Frances Metcalfe | Cambridge Consultants
Water is a significant by-product of the production of oil and gas – in some cases, accounting for up to 95% of produced fluids. The resulting reduction in revenues, coupled with the costs of water treatment and safe disposal, can render a well uneconomic – and even stop production altogether. But conventional techniques for monitoring the production profile of a well to enable troubleshooting are less effective in the increasing number of horizontal wells. Gaining insights into water production and location of inflows requires a number of trade-offs to be considered spanning accuracy, technology selection, measurement location and of course, cost. So what options are currently available to operators of oil and gas wells and what challenges remain?
The balance of measurement requirements of water production is important. Whilst an accuracy at the wellhead of 0.5% for overall water cut (the % of water in produced fluids) is needed for financial purposes (as the value of oil is much greater than that of water), operators of an oil or gas well need positional information on which reservoir zone is producing water so that mitigating action can be taken, but can trade this off against an accuracy of 5% to 10% water cut from downhole sensors.
So, where to start? To make an informed choice we need to consider the physical constraints and the available technologies.
Just making measurements in this environment presents many challenges requiring a multidisciplinary approach to engineer a good measurement – fluidics, sensor physics and electronics, and mechanical design are all key to allow sufficient sensitivity but also permit a sensor to operate over an extended period (10 years or more for a permanent sensor) in a harsh environment. Sensors must operate under high pressure, high temperature and offer chemical resistance (to H2S for example). Once that challenge is met, we still need to add data analysis and mathematics to extract actionable information from the sensor data. Add to this resilience; failure cannot interfere with production and redundancy will be important for key measurements, requiring rigorous application of reliability engineering.
Wellhead water cut meters are well established and are available from a number of suppliers but don’t provide information about the location of water production, and often represent measurements of co-mingled flows from several wells.
Downhole sensors can offer improved information on the location of a water inflow but introduce additional considerations: size (needing to fit in the confined annular space for example), power and communications requirements, and restrictions of number of and type of cable that can be run downhole and through packers. This is not a significant issue for a single well or lateral, but is much more of a challenge for multi-laterals. Solutions vary from permanent installations to intervention techniques and systems (e.g. wireline conveyed instruments). Ideally, these should offer a measurement of a representative sample of the zone, work for the lifetime of the well, and shouldn’t interfere with production e.g. by intruding into the flow itself.
Sensing and measurement techniques employed can be classified either as direct or indirect measures of water.
Direct measurements involve measuring the material properties of the produced fluid using physical techniques such as optical absorption and other EM or electrical methods (such as conductivity or capacitance). The performance of these can be limited by factors such as optical scattering or distortion of electrical properties due to variations in water salinity.

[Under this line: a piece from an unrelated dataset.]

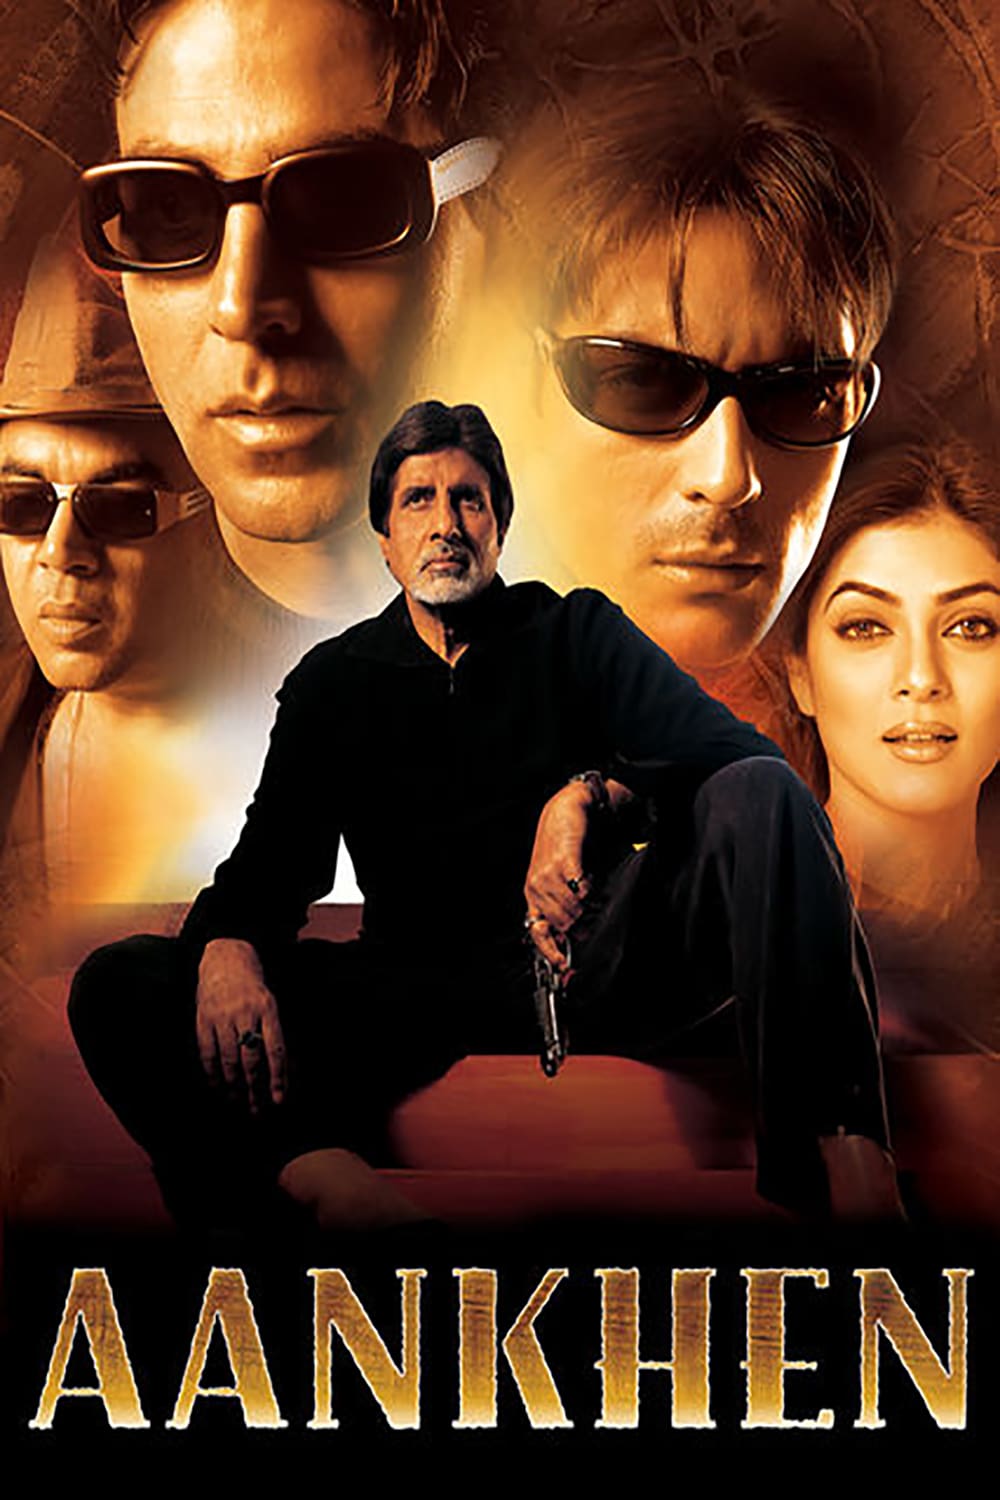 Poster for the movie "Aankhen"

Indirect methods infer the water content and flow from measures such as downhole temperature and pressure, for example analyzing the outputs from downhole gauges or distributed temperature sensing (DTS) which monitor thermal profiles in a well, and comparing thermal models with the results to infer water inflow from deviations from the expected natural geothermal gradient. This technique becomes less effective as wells approach 90° deviation (horizontal), as there is no longer a geothermal gradient along the sensor path and temperature deviations can be smaller than the resolution of the DTS instrument. Emerging technologies employ chemical tracers that are selectively absorbed by water and oil in the flow; their concentrations in the produced fluids are then measured offline in samples taken at the surface. These have the advantages of being passive, without need for downhole power and communications, although their lifetime is finite and the techniques are not currently real-time since offline analysis is required.
In conclusion, we can see that downhole water detection is still an evolving area; there is no ‘one-size fits all’ technique, and in particular, multilateral (horizontal) wells present some new challenges. There are opportunities to develop new technologies such as RF measurements to measure differences in physical properties of hydrocarbons and water to determine the composition of fluid flowing past a non-intrusive sensor. In addition, the use of analytical techniques to fuse results from emerging and existing measurements offers the potential to address these important challenges and enable operators to take well-informed and early action to mitigate excess water production.